Konflik yang terus terjadi di tengah kondisi sumber daya air yang kritis Hasil penelitian
yang ditulis oleh Ayu dalam Disertasinya menunjukkan terdapat trend kenaikan jumlah
Daerah Aliran Sungai yang kritis dari tahun ke tahun. Tahun 1980an baru sekitar 22 DAS
kritis, Tahun 1990an meningkat menjadi 35 DAS kritis dan tahun 2000-an meningkat tajam
menjadi 69 DAS kritis dan hampir 75 DAS kritis tersebut berada di Pulau Jawa adalah
sebuah tantangan yang harus dijawab agar keberadaan sumber daya air secara kuantitas
dan kualitas terjaga.
PDAM Solo sebagai salah satu institusi pelayan pulik di Kota Solo juga mengalami
problem kekritisan air sebagai pasok bagi konsumennya. Sampai-sampai ada kontroversi
tentang bisa tidaknya air Bengawan Solo sebagai salah satu sumber air baku bagi
masyarakat Solo. Solopos beberapa waktu lalu memberitakan bahwa sejumlah ikan di Daerah
Aliran Sungai DAS Sungai Bengawan Solo tercemar logam berat berupa tembaga Cu,
Kadmium Cd dan Timbal Pb, untuk itu masyarakat di sekitar Sungai Bengawan Solo
diimbau tidak mengambil ikan di sungai tersebut untuk konsumsi sehari-hari. Hal itu
didasarkan pada penelitian yang dilakukan mahasiswa D III Kesehatan Lingkungan
Fakultas Kedokteran UMS Ristiyana Eko Setyarini Solo Pos, 26 Pebruari 2005.. Hanya
ikan sapu-sapu yang mampu hidup di kawasan tersebut, namun jika masyarakat
mengkonsumsi ikan sapu-sapu yang berada di Sungai Bengawan Solo akan menimbulkan
dampak bagi kesehatan, diantaranya kerusakan hati, penyakit ginjal, gangguan
lambung, kerapuhan tulang, pigmentasi, kerusakan saraf otak, anemia, kelumpuhan dan
berkurangnya haemoglobin darah.
Krisis Air, Illegal Logging, dan Penegakan ...
Yustisia Edisi Nomor 69 Sept. - Desember 2006
48
Di sisi lain hasil penelitian yang dilakukan Pegiat Ekologi Gita Pertiwi Ir. Nugroho
Widiarto, MSi mengatakan air permukaan Sungai Bengawan Solo berpotensi dan layak
untuk menjadi air baku bersih untuk memenuhi kebutuhan air bersih warga Solo.
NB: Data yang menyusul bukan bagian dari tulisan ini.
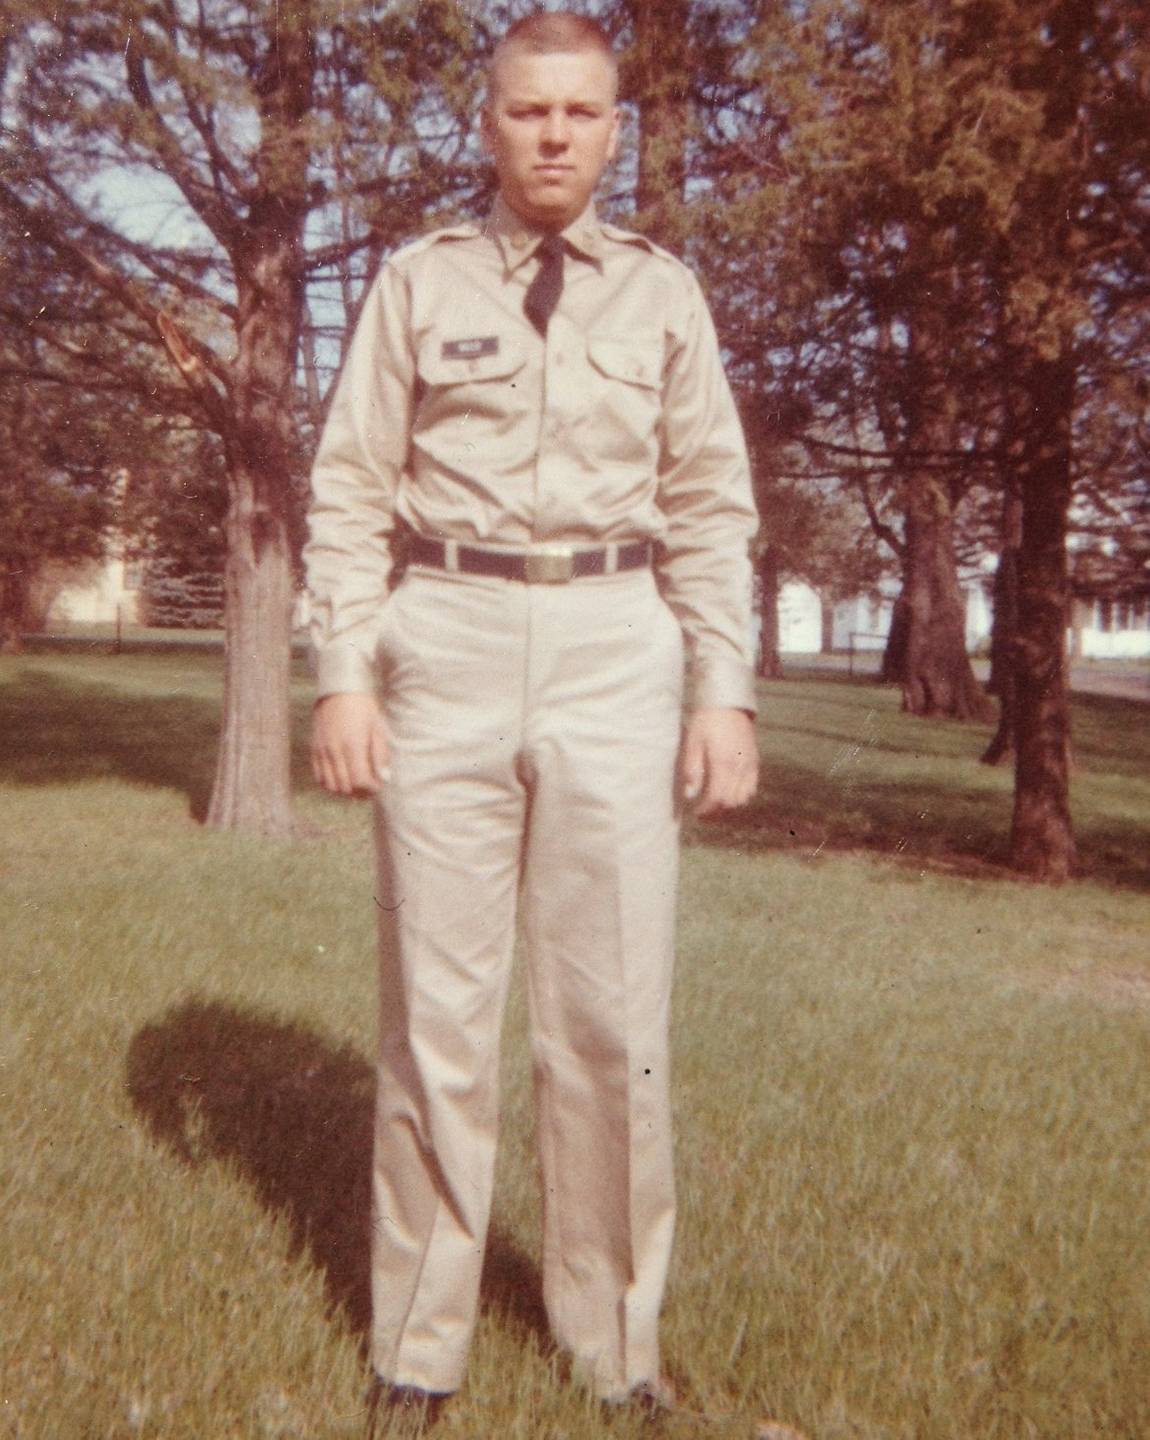 Young U.S. soldier in uniform, standing in a field of grass and trees.

Hal itu
didasarkan pada penelitian yang dilakukan Gita Pertiwi terhadap dua sungai yang mengarah
pada sungai Bengawan Solo yaitu Sungai Premulung dan Kali Anyar. Solo Pos, 29
Pebruari 2005. Untuk Sungai Premulung pada musim kemarau terdapat debit air 3,2 meter
kubik per detik, sedang Kali Anyar terdapat 4,33 meter kubik per detik. Sementara untuk
debit saat musim hujan, sungai Premulung mengalami kenaikan menjadi 34,4 meter kubik
per detik dan 36,7 meter kubik per detik.
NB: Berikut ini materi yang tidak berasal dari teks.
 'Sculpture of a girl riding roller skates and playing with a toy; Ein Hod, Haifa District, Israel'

Nugroho menambahkan dari hasil penelitian tersebut diperoleh bahwa air
Bengawan Solo hanya baru layak dari segi teknis. Pasalnya untuk tingkat kelayakan
tersebut harus meliputi dari tiga aspek yaitu aspek teknis, lingkungan dan ekonomi. Secara
teknis memang layak untuk menjadi air baku air bersih, karena terdapat tekonologi yang
dapat digunakan untuk mengelola air Bengawan Solo tersebut menjadi air baku air
bersih. Dari aspek ekonomi harus melihat tentang kajian mengenai harga yang harus
dipatok setelah air Bengawan Solo tersebut diolah. Kajian tersebut, lanjutnya harus
dilakukan secara matang. Sedang untuk aspek lingkungan, bisa dilihat bahwa selama ini warga
Solo menggunakan mata air dan sumur dalam untuk konsumsi air bersih, kedepan apabila
sudah menggunakan air permukaan seperti air Bengawan Solo apakah warga Solo bisa
menerima hal tersebut.
Perkembangan tekonologi memang memperlihatkan bahwa teknologi pengelolaan
air permukaan untuk air baku bisa memberikan jawaban untuk mengatasi kekurangan air di
wilayah Solo. Hingga saat ini per hari PDAM baru memiliki debit air sebanyak 820 liter per
detik untuk mencukupi sekitar 52.000 pelanggan. Untuk mengatasi berbagai
kekurangan, lanjut Singgih selain mengandalkan mata air di daerah Klaten,
PDAM juga telah membangun sebanyak 24 sumur dalam.